Ethics - and most of life, if you want to live through as much of it as possible - deals with an appreciation of cause and effect in human terms. In terms of the current situation in world affairs, instead of looking to Glenn Beck for advice - look to the people that Glenn Beck advises. Then if you live in an area where such people form a majority and control your government, sell them your basement as a food, weapons and gold cache location and hie thee hence, for when the levees break, they will be arguing as to who's fault it was, or whether the rescue effort should concentrate on "good" or "bad" people rather than getting on with the job at hand.

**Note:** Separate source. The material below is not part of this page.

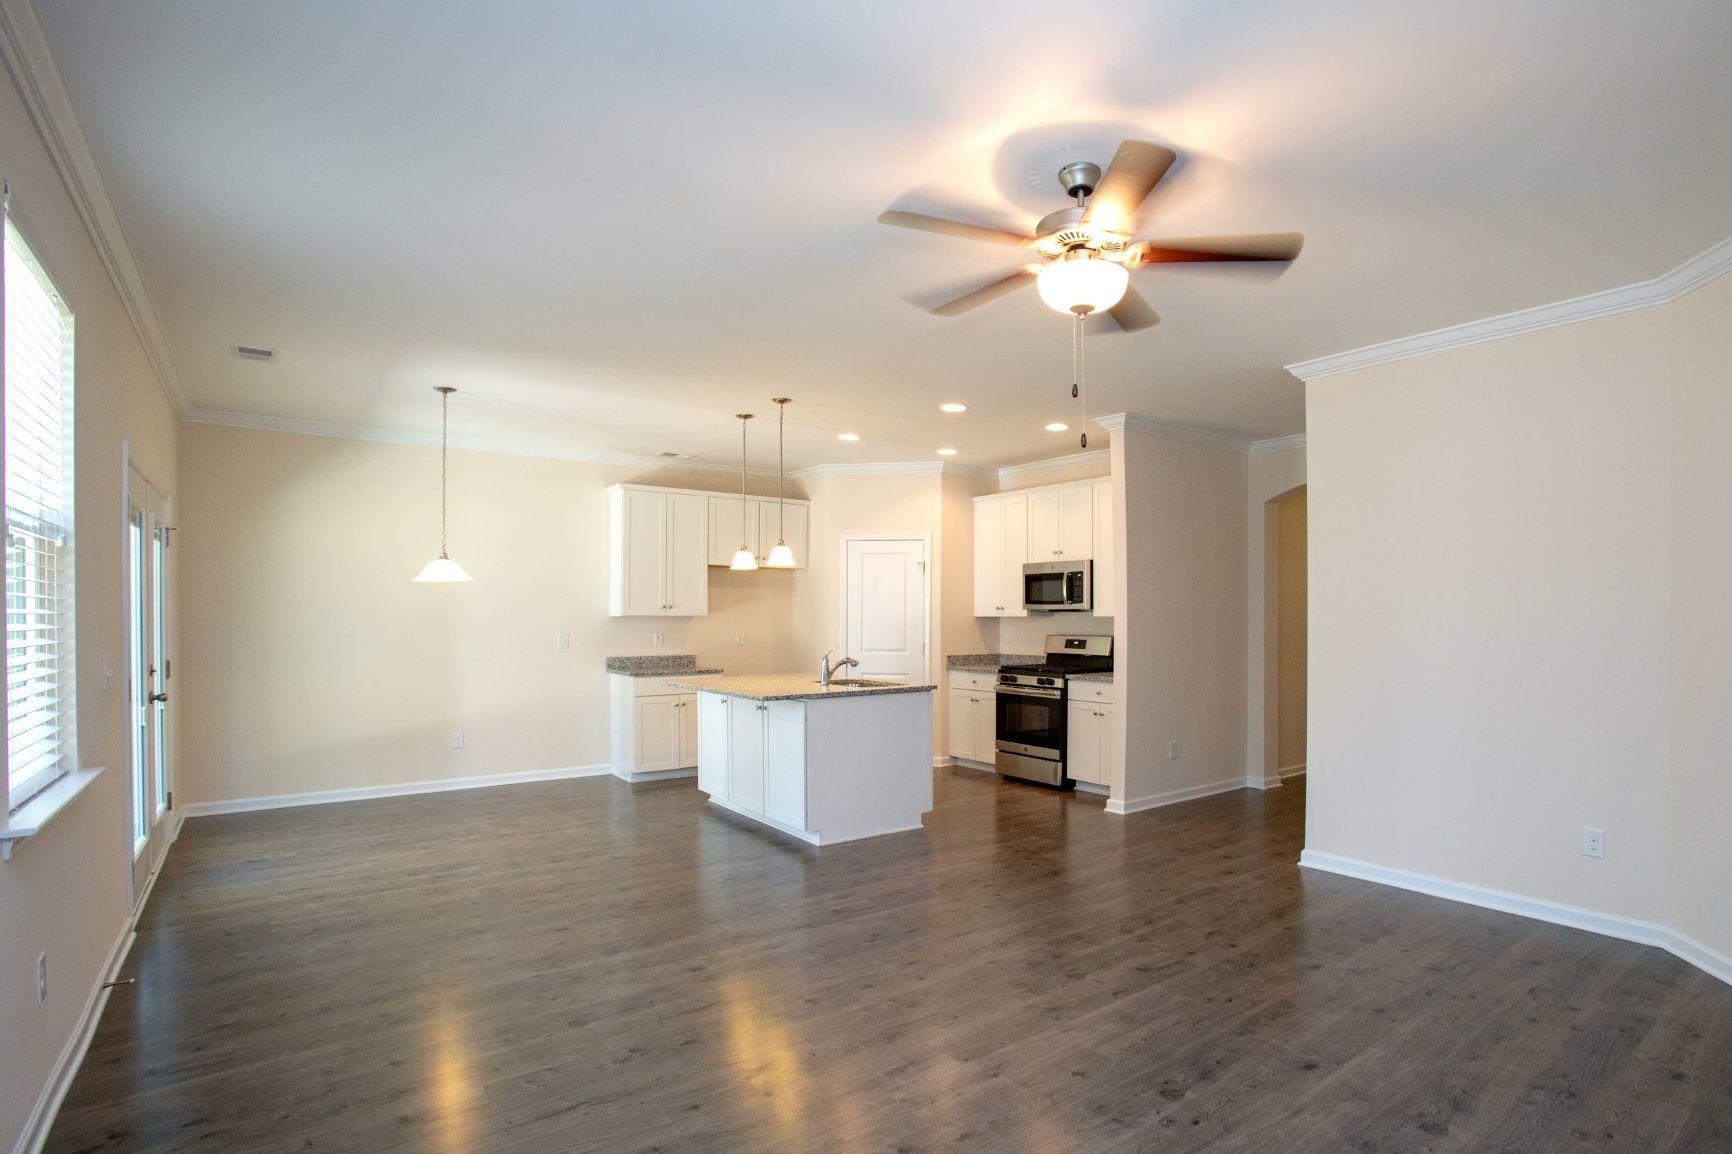 Chapel Creek Plantation Homes For Sale - 127 Birdie, Santee, SC - 2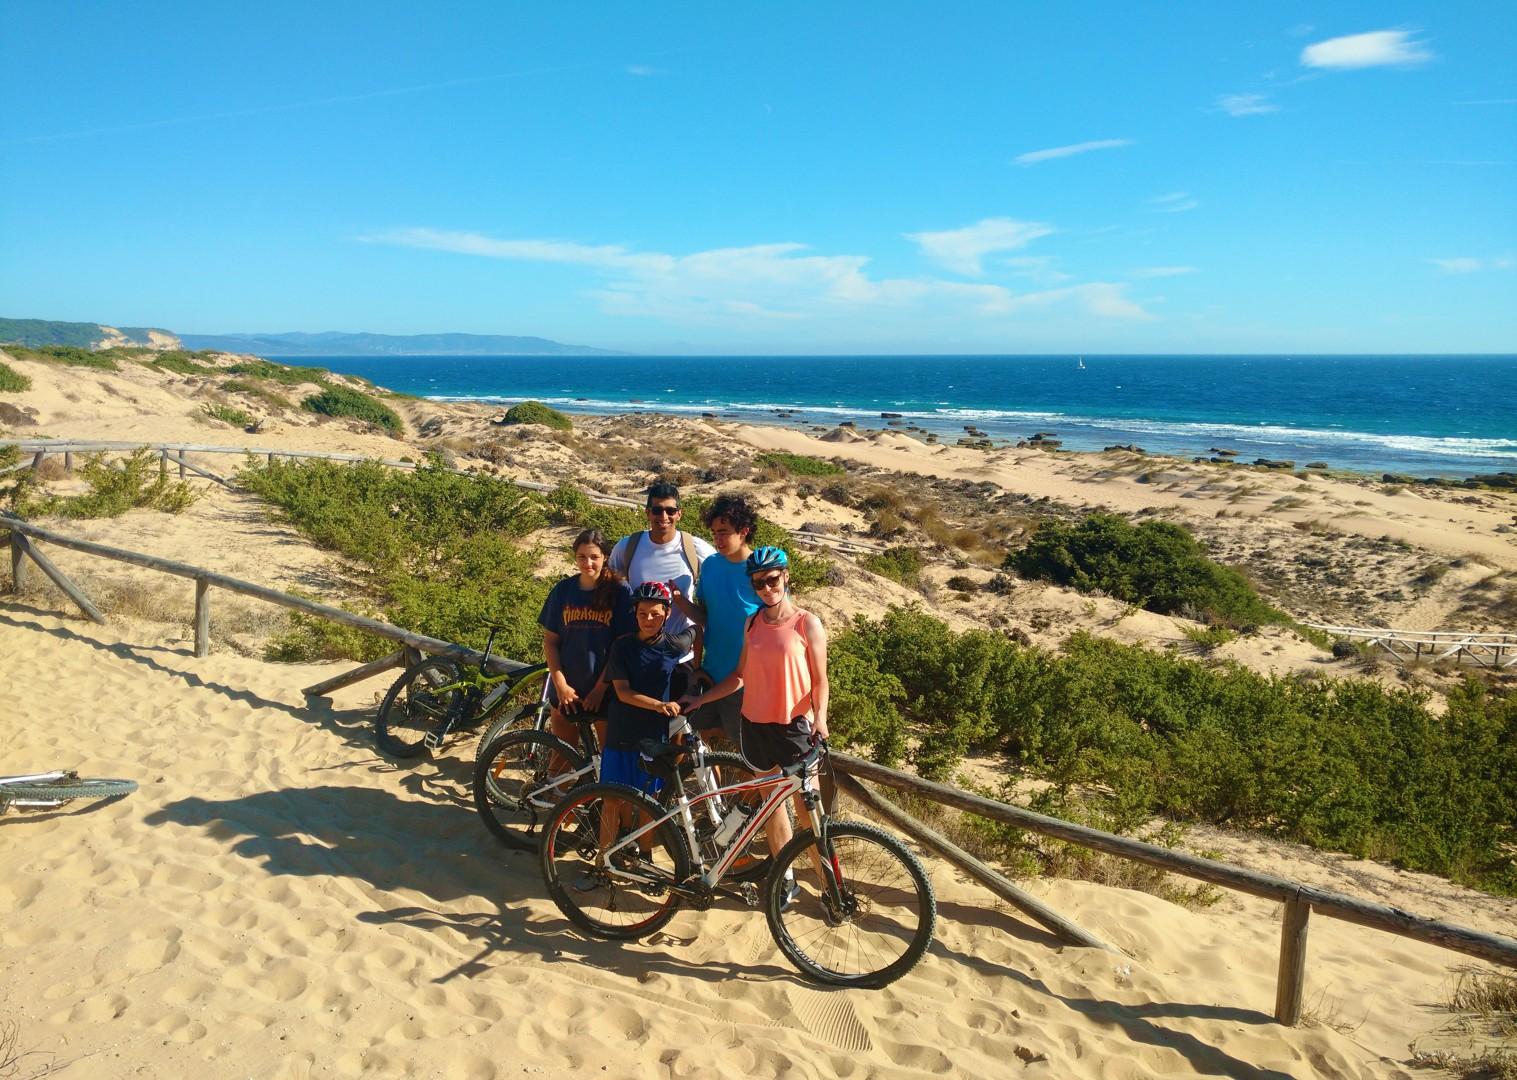 IMG_20171027_161020433.jpg - Southern Spain - Coastal Adventurer - Family Cycling

It's not that emergency preparedness is a bad idea. But when it comes at the expense of preventing the disaster in the first place, well now. Then I have a problem. You prepare for unforeseeable emergencies. The foreseeable ones, those you fix, or you avoid.

You can predict a great deal about how people will deal with a large crisis by seeing how they react to a small one.

Those who tend to assign blame, deny factual information that contradicts their world-views; those who indulge in obvious hypocracy, those who cannot manage to get through an entire paragraph without tripping over their own cognitive dissonance - well, it doesn't matter what "philosophy of governance" or religious faith they claim to share with you, because even if they understand it as well as it may appear, they couldn't apply it in any useful way when the bolts come loose.

You see, at the end of the day, the whole point of the exercise is ensuring that life goes on, and if your way of securing the future for you and yours depends on denying a future to them and theirs, sooner or later there will be a reconing and the outcome will come down to raw numbers.

If less than 20 percent of the people control more than 80 percent of the wealth - you don't need a spreadsheet to see where this could lead. 

Well, in point of fact, that wealth WILL be redistributed. Regardless of what I think of it or what you believe, regardless of any question of justice or fairness, that's simply going to happen, by one means or another.

There's too much water and not enough dam.

Whether or not social justice occurs will likely be a question of local circumstance, dependant on many factors. But for most people in most parts of the world, the obvious question is this - is there any reason why I should care if those people live or die, if I should pay one more penny to fuel their yaughts?

And in point of fact, in order for that amount of wealth to stay that concentrated; a great deal of people need to shrug and not begrudge the few grains it takes from their ricebowl.